To control and reduce mercury emissions, the Federal EPA published two
alternative proposals. The first option requires the installation of maximum
achievable control technology (MACT) on a site-specific basis. Mercury emissions
would be reduced from 48 tons to approximately 34 tons by 2008. The Federal EPA
believes, and the industry concurs, that there are no commercially available
mercury control technologies in the marketplace today that can achieve the MACT
standards for bituminous coals, but certain units have achieved comparable
levels of mercury reduction by installing conventional SO2 (scrubbers) and NOx
(SCR) emission reduction technologies. The proposed rule imposes significantly
less stringent standards on generating plants that burn sub-bituminous coal or
lignite. The proposed standards for sub-bituminous coals potentially could be
met without installation of mercury control technologies.
The Federal EPA recommends, and we support, a second mercury emission reduction
option. The second option would permit mercury emission reductions to be
achieved from existing sources through a national cap-and-trade approach. The
cap-and-trade approach would include a two-phase mercury reduction program for
coal-fired utilities. This approach would coordinate the reduction requirements
for mercury with the SO2 and NOx reduction requirements imposed on the same
sources under the CAIR. Coordination is significantly more cost-effective
because technologies like scrubbers and SCRs, which can be used to comply with
the more stringent SO2 and NOx requirements, have also proven effective in
reducing mercury emissions on certain coal-fired units that burn bituminous
coal.
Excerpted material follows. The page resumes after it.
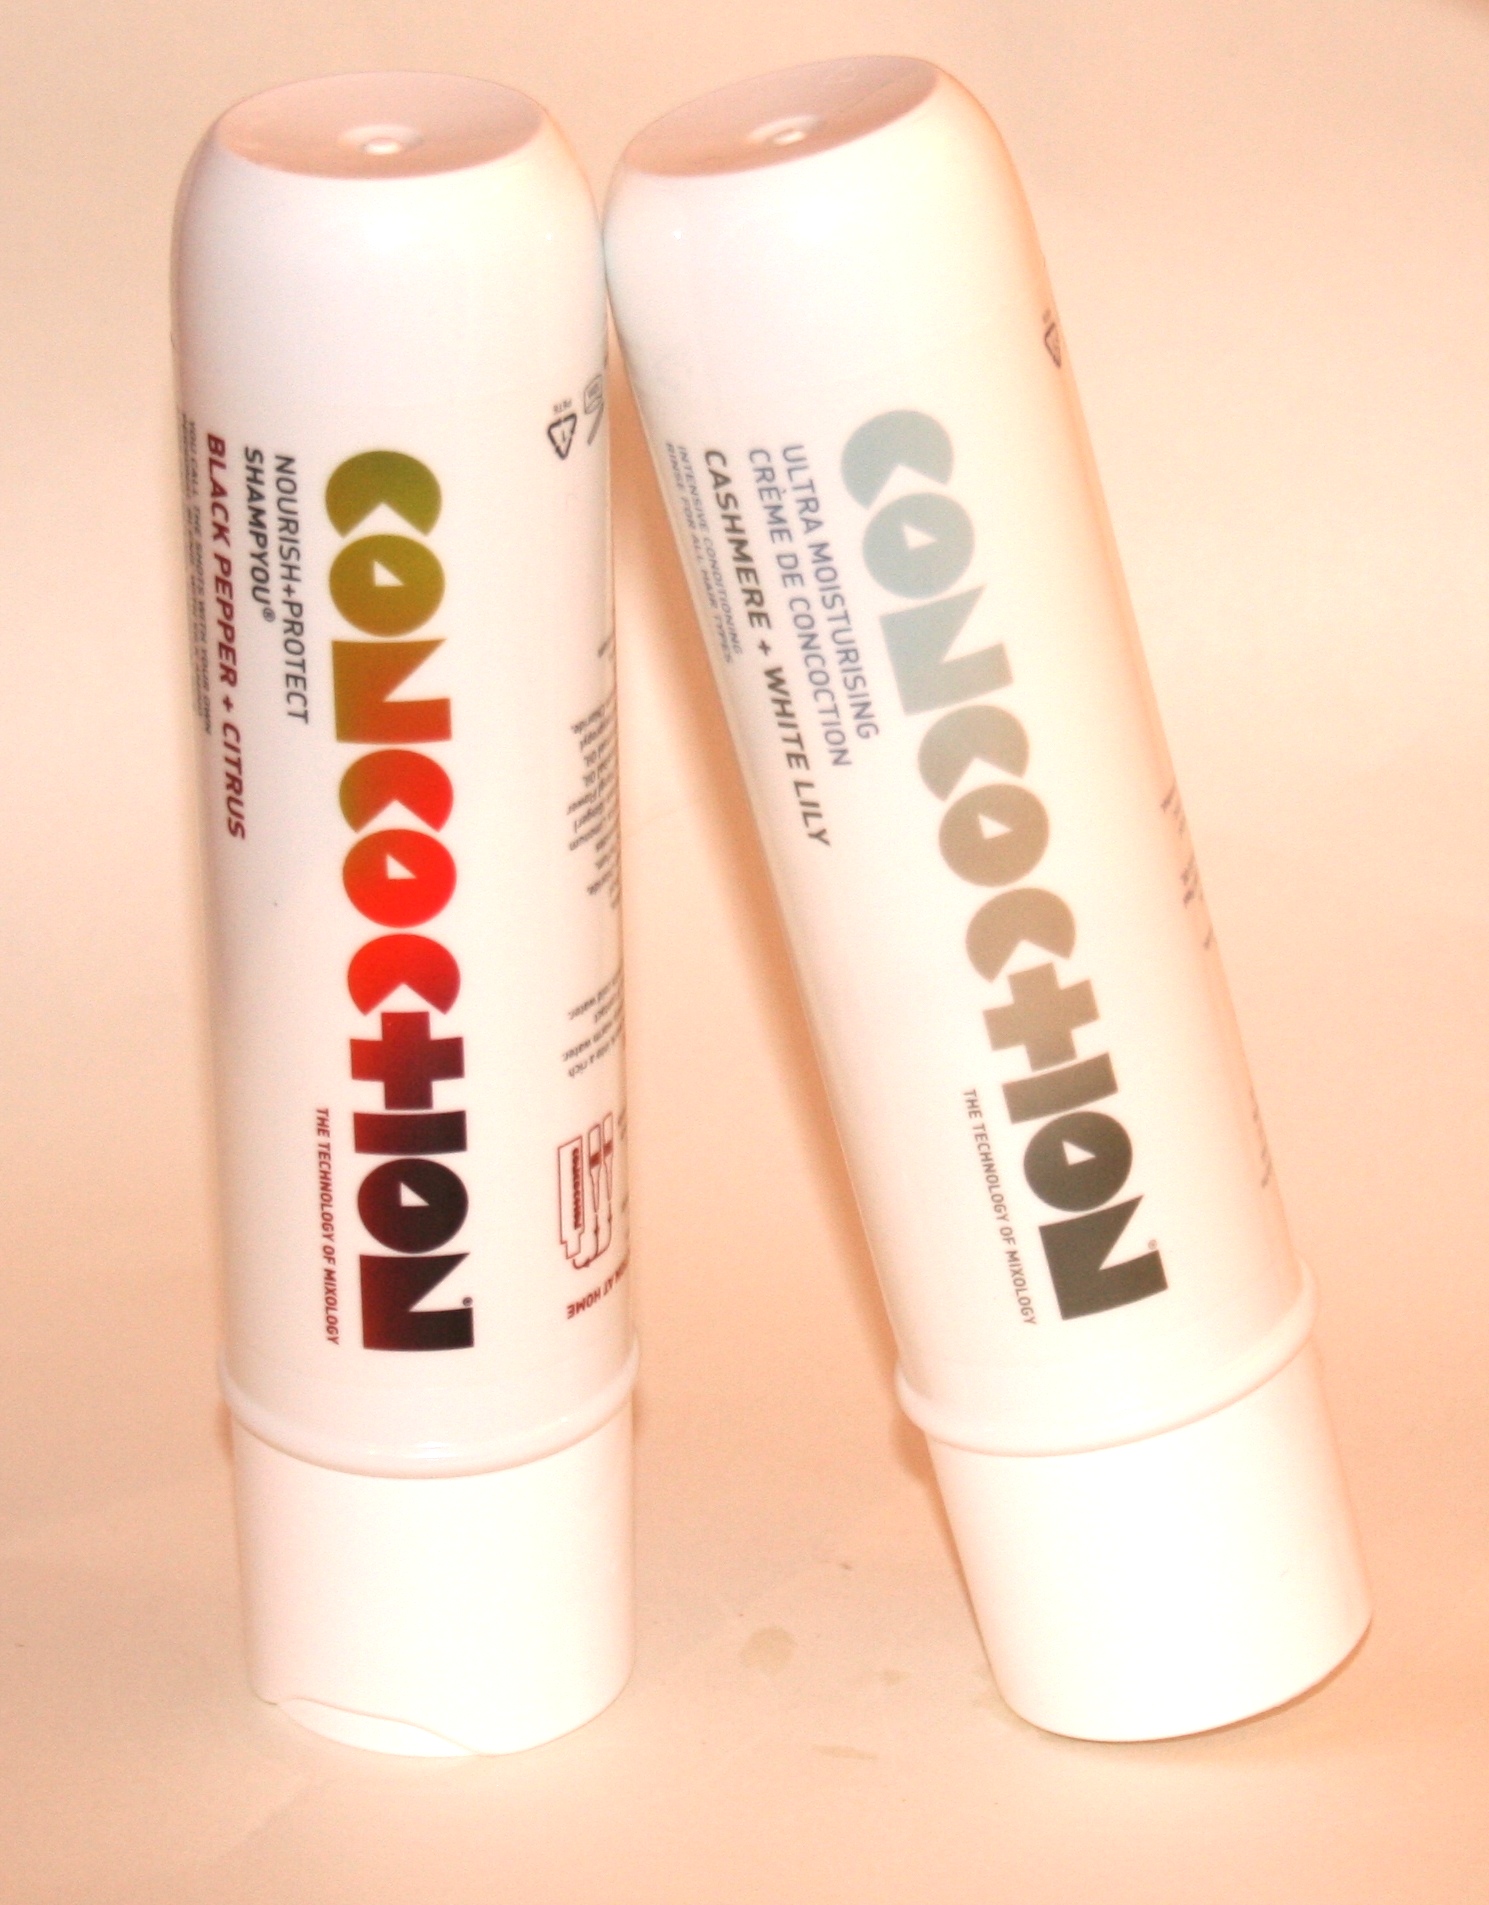 Concoction Bespoke Haircare: Shampoo and Conditioner Review

The second option contemplates reducing mercury emissions from 48 tons to
34 tons by 2010 and to 15 tons by 2018. A supplemental proposal including
unit-specific allocations and a framework for the emissions budgeting and
trading program preferred by the Federal EPA was published in the Federal
Register on March 16, 2004. We filed comments on both the initial proposal and
the supplemental notice in June 2004.
The Federal EPA's proposals are the beginning of a lengthy rulemaking process,
which will involve supplemental proposals on many details of the new regulatory
programs, written comments and public hearings, issuance of final rules, and
potential litigation. In addition, states have substantial discretion in
developing their rules to implement cap-and-trade programs, and will have 18
months after publication of the notice of final rulemaking to submit their
revised SIPs. As a result, the ultimate requirements may not be known for
several years and may depart significantly from the original proposed rules
described here.
While uncertainty remains as to whether future emission reduction requirements
will result from new legislation or regulation, it is certain under either
outcome that we will invest in additional conventional pollution control
technology on a major portion of our fleet of coal-fired power plants.
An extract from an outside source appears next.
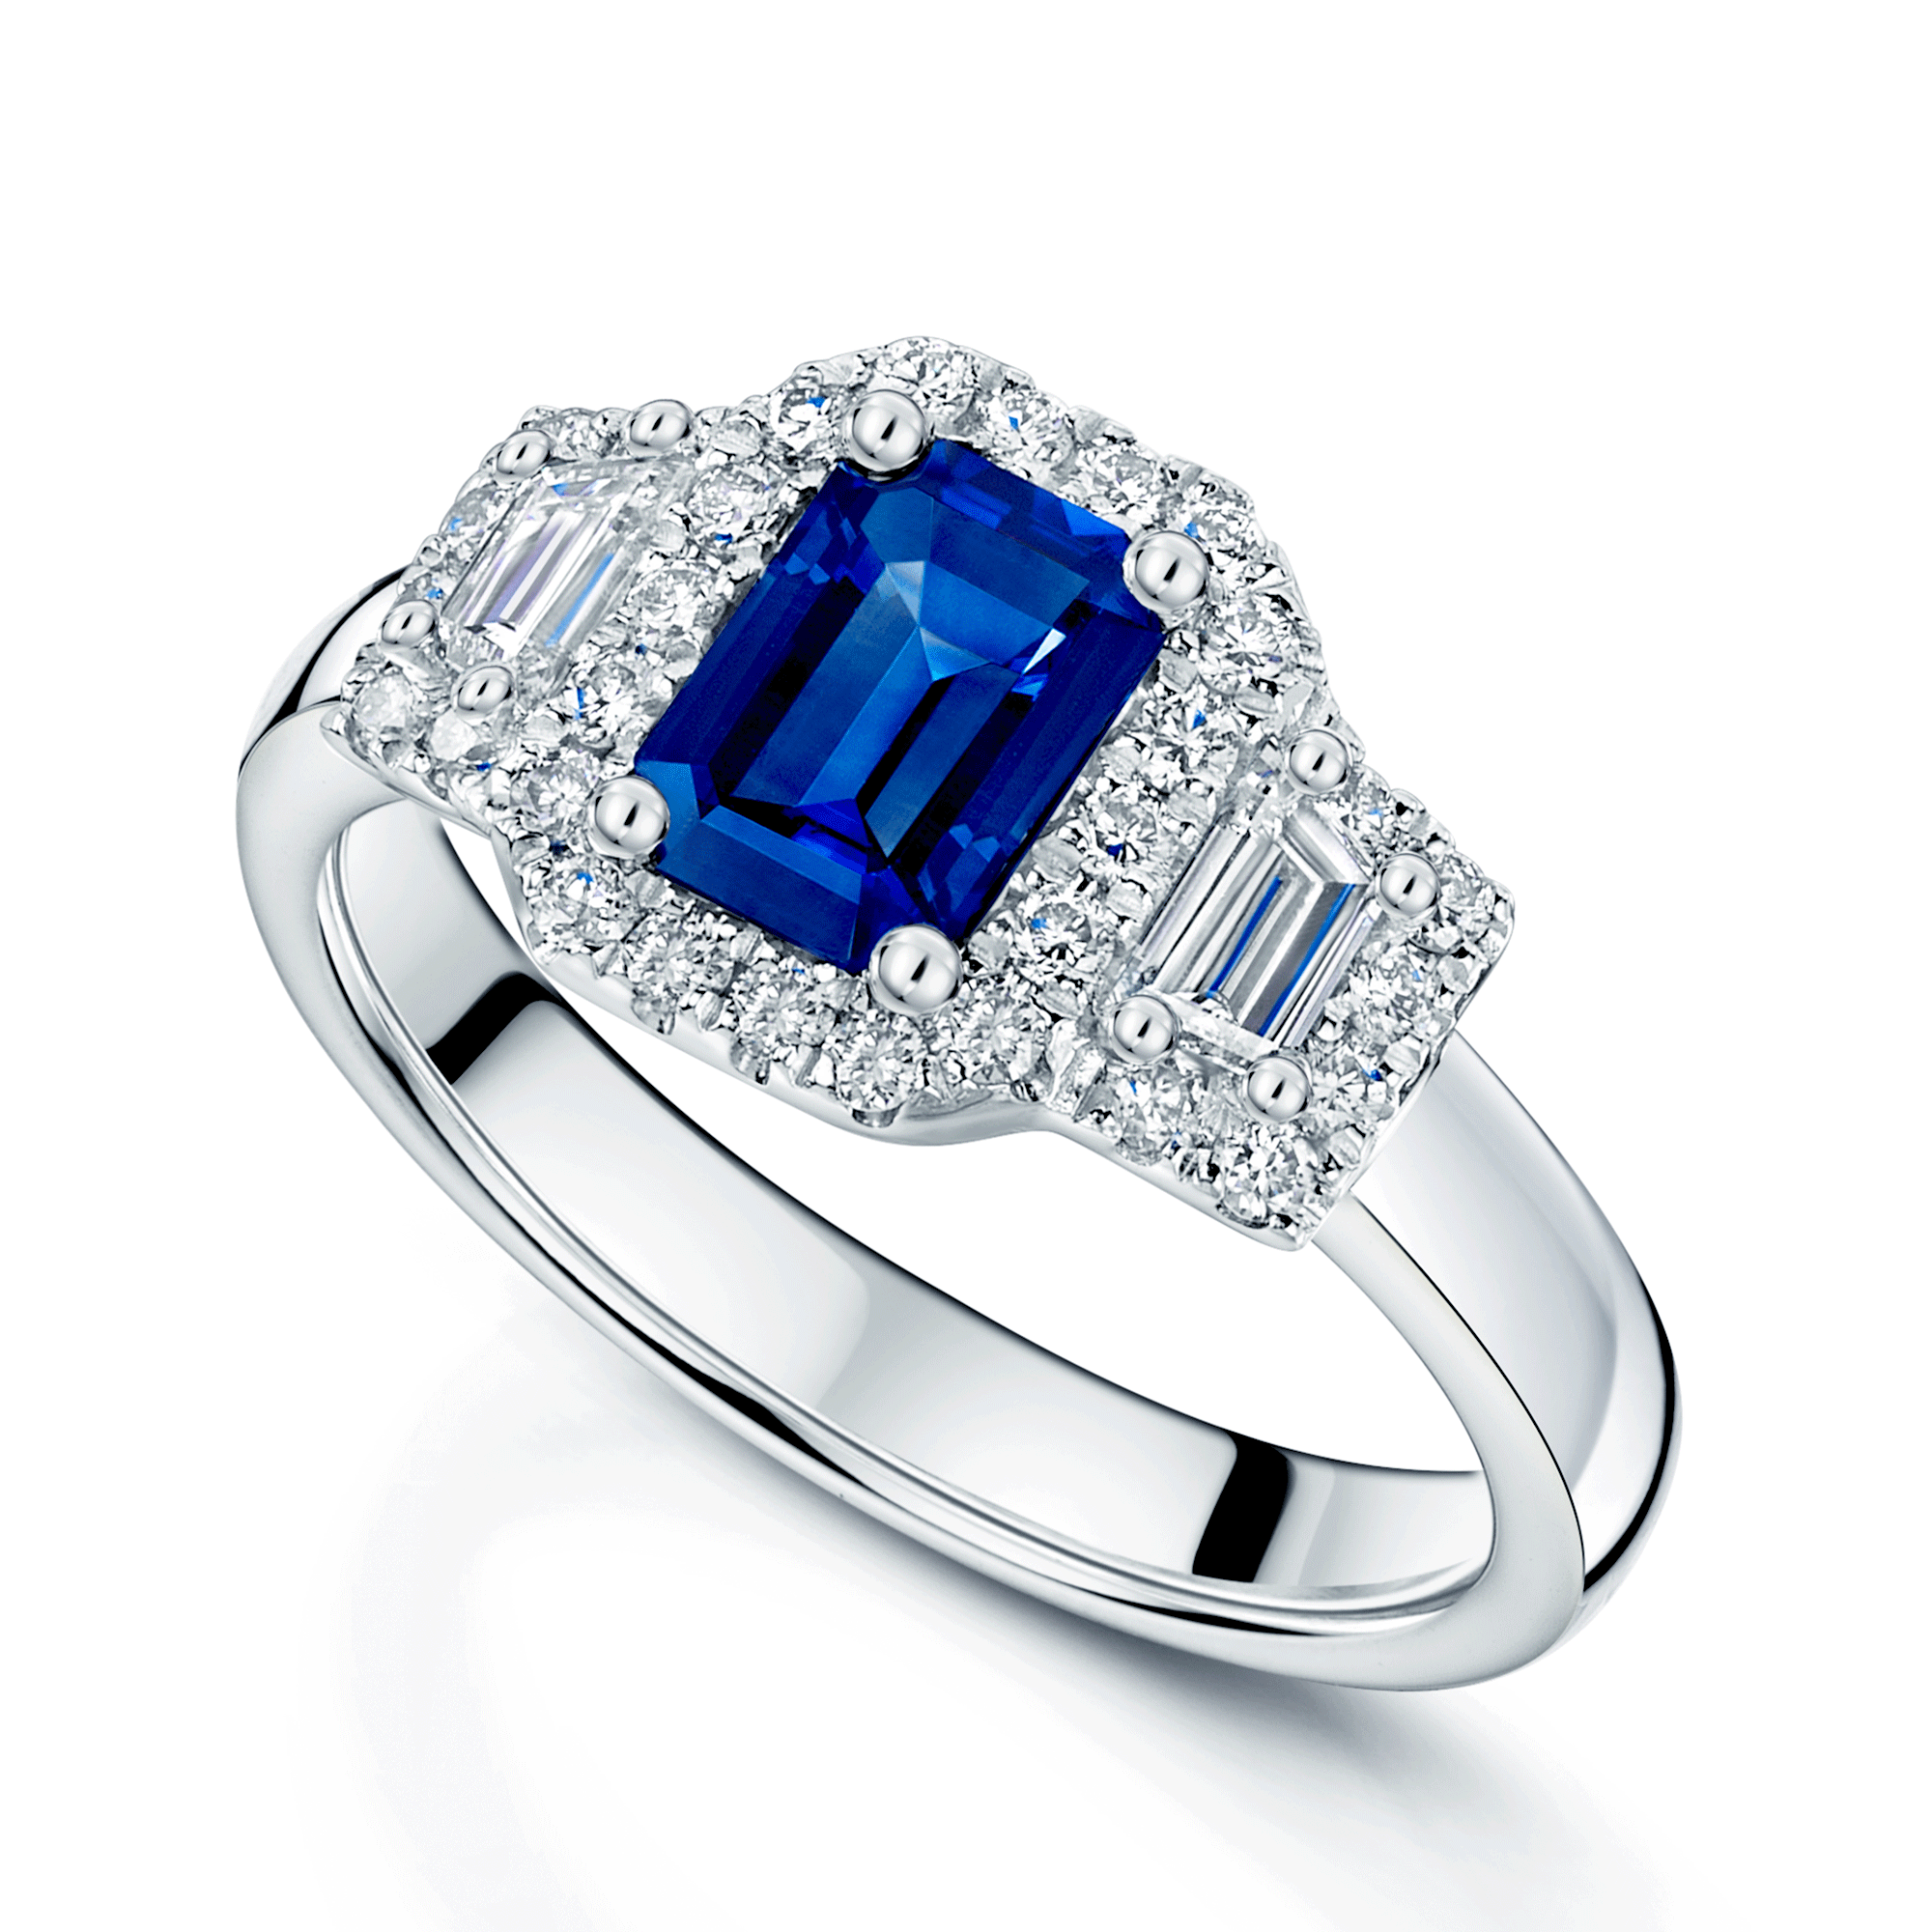 Platinum Sapphire And Baguette Cut Diamond Three Stone Ring With A Halo Surround

Finalization of new requirements for further SO2, NOx and/or mercury emission
reductions will result in the installation of additional scrubbers, SCR systems
and/or the installation of emerging technologies for mercury control.
New Source Review Litigation
- ----------------------------
Under the Clean Air Act (CAA), if a plant undertakes a major modification that
directly results in an emissions increase, permitting requirements might be
triggered and the plant may be required to install additional pollution control
technology. This requirement does not apply to activities such as routine
maintenance, replacement of degraded equipment or failed components, or other
repairs needed for the reliable, safe and efficient operation of the plant.
The Federal EPA and a number of states have alleged APCo, CSPCo, I&M, OPCo and
other unaffiliated utilities modified certain units at coal-fired generating
plants in violation of the new source review requirements of the CAA. The
Federal EPA filed its complaints against our subsidiaries in U.S. District Court
for the Southern District of Ohio. The court also consolidated a separate
lawsuit, initiated by certain special interest groups, with the Federal EPA
case. The alleged modifications relate to costs that were incurred at our
generating units over a 20-year period.